A golf club is manufactured by use of the iron golf club head, and the feeling of hitting is evaluated by means of actual hitting of a ball by a golfer. For the purpose of comparison, similar evaluation is also performed by use of a solid iron golf club head (a five iron, Comparative Example 1) formed solely from carbon steel by means of forging and a hollow iron golf club head (a five iron, Comparative Example 2) having a viscoelastic element provided in a hollow section. Evaluation by the golfer is as follows.

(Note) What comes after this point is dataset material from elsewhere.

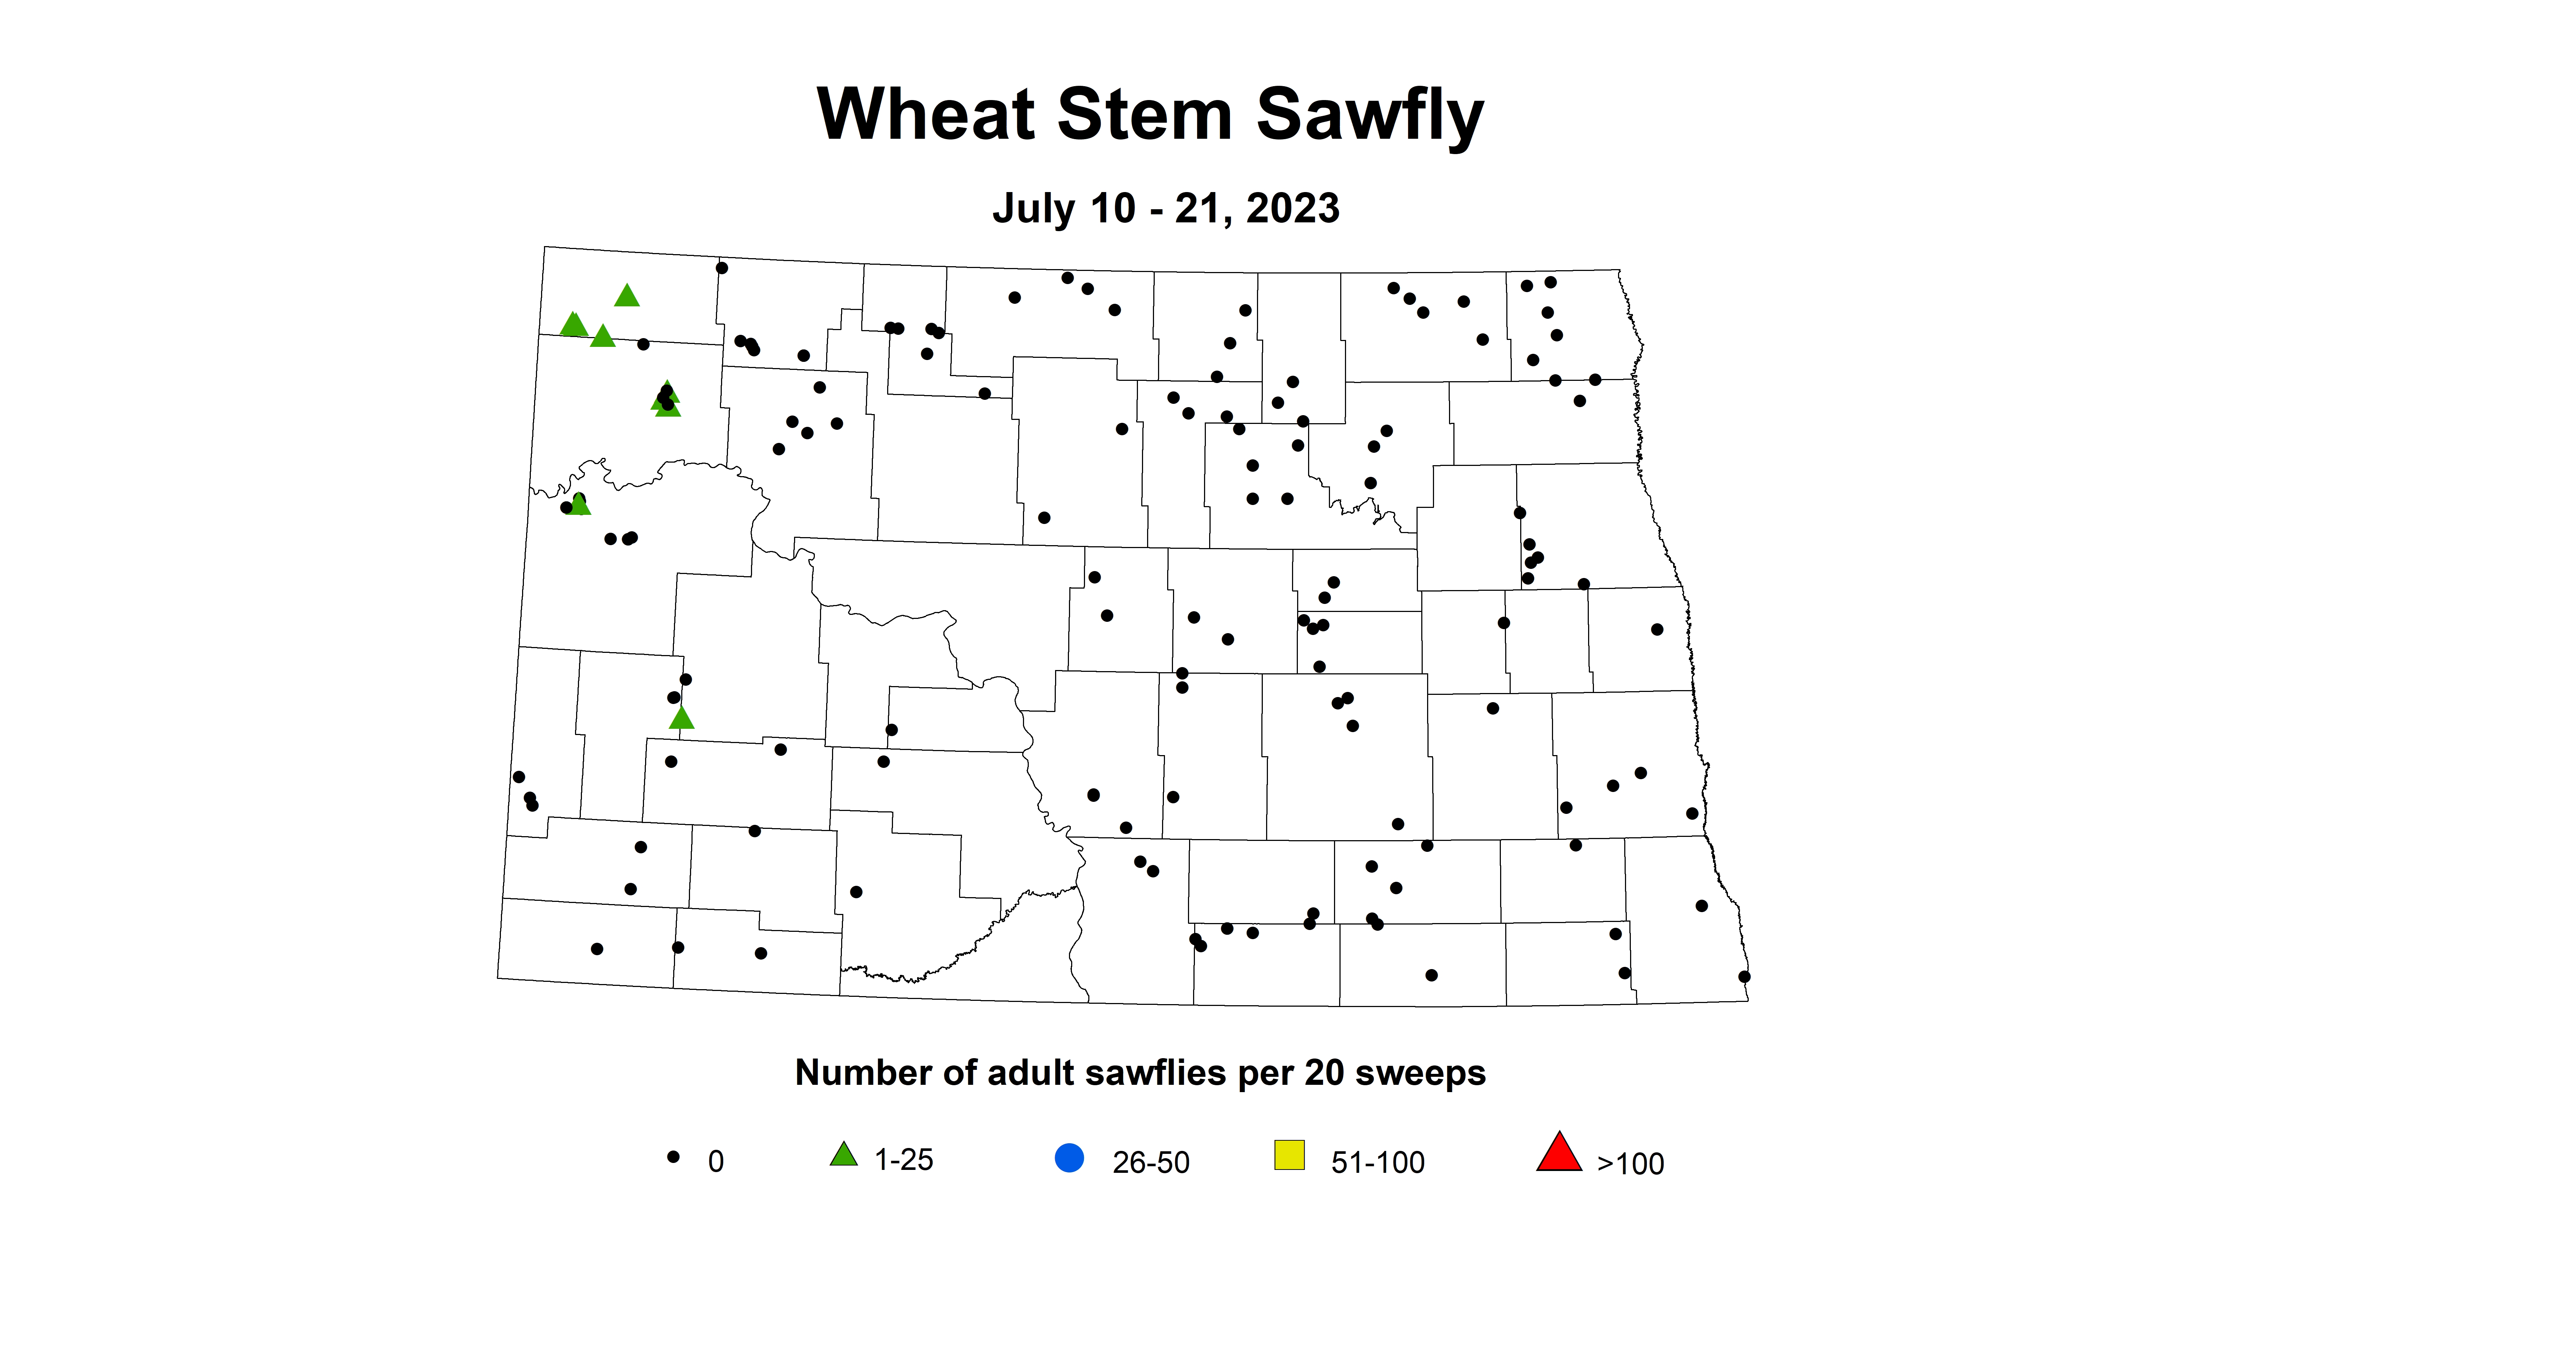 wheat stem sawfly July 10-21 2023

Iron Golf Club Head of the Embodiment

• • Soft feeling of hitting equal to feeling of hitting achieved by an iron golf club head formed from soft iron by means of forging
  • Secure feeling of hitting, and the feeling of hitting differing from light feeling of hitting such as that generated by a hollow iron golf club head
  • Even when a ball is hit without the meet of the club head, vibration does not shake hands, and comfortable, soft feeling is gained.
  • Some golfers may evaluate the feeling of hitting as being unclear. However, since comfortable, soft feeling is achieved, the feeling of hitting is preferable for ordinary golfers.

Iron Golf Club Head of Comparative Example 1

• • Feeling of hitting is soft.
  • Secure feeling of hitting
  • A hit point can be securely felt.
  • When a ball is hit without the meet of the club head, vibration shakes hands.

Iron Golf Club Head of Comparative Example 2

• • Dull feeling of hitting
  • Light hitting sound, and feeling of hitting is not gained.
  • Unsharp feeling of hitting
  • Vibration does not shake hands, and soft feeling of hitting is gained.

Claims

1. An iron golf club head comprising:

a block that is made by a magnesium alloy;

a metal head main body,

a recess that is formed in the metal head main body; and

a metal cover made by a tungsten alloy, wherein:

the block is embedded into the metal head main body;

the block is press-fitted into the recess; and

an opening of the recess is sealed with the metal cover to embed the block into the metal head main body;

wherein the metal head main body has a cavity disposed above the recess at an upper portion of a back of the metal head main body and has a bulge having an essentially semicircular cross-sectional profile disposed at a lower portion of the back of the metal head main body.

2. The iron golf club head according to claim 1, wherein

the metal head main body is made by a metal which is harder than a magnesium alloy and has a greater specific gravity than that of the magnesium alloy.

3. The iron golf club head according to claim 1, wherein the magnesium alloy comprises aluminum and zinc.

4. The iron golf club head according to claim 1, wherein the magnesium alloy is one of AZ31, AZ61 or AZ91.

5. The iron golf club head according to claim 1, wherein the magnesium alloy has a Young's modulus of 50 GPa or less, and a specific gravity in the range of 1.8 to 2.0.

6. The iron golf club head according to claim 1, wherein the recess has a depth in the range of 5 and 25 mm, an opening length in the range of 10 to 20 mm in a front-back direction of the club head and an opening length in the range of 20 to 40 mm in a heel toe direction of the club head.

7. The iron golf club head according to claim 1, where the opening of the recess is disposed at a sole of the club head, and a distance between the leading edge of the club head and the metal cover is in the range of 1.5 to 3.0 mm.

8. The iron golf club head according to claim 1, wherein a plurality of tungsten alloy blocks are embedded in a sole of the bulge at a toe side of the recess and at a heel side of the recess.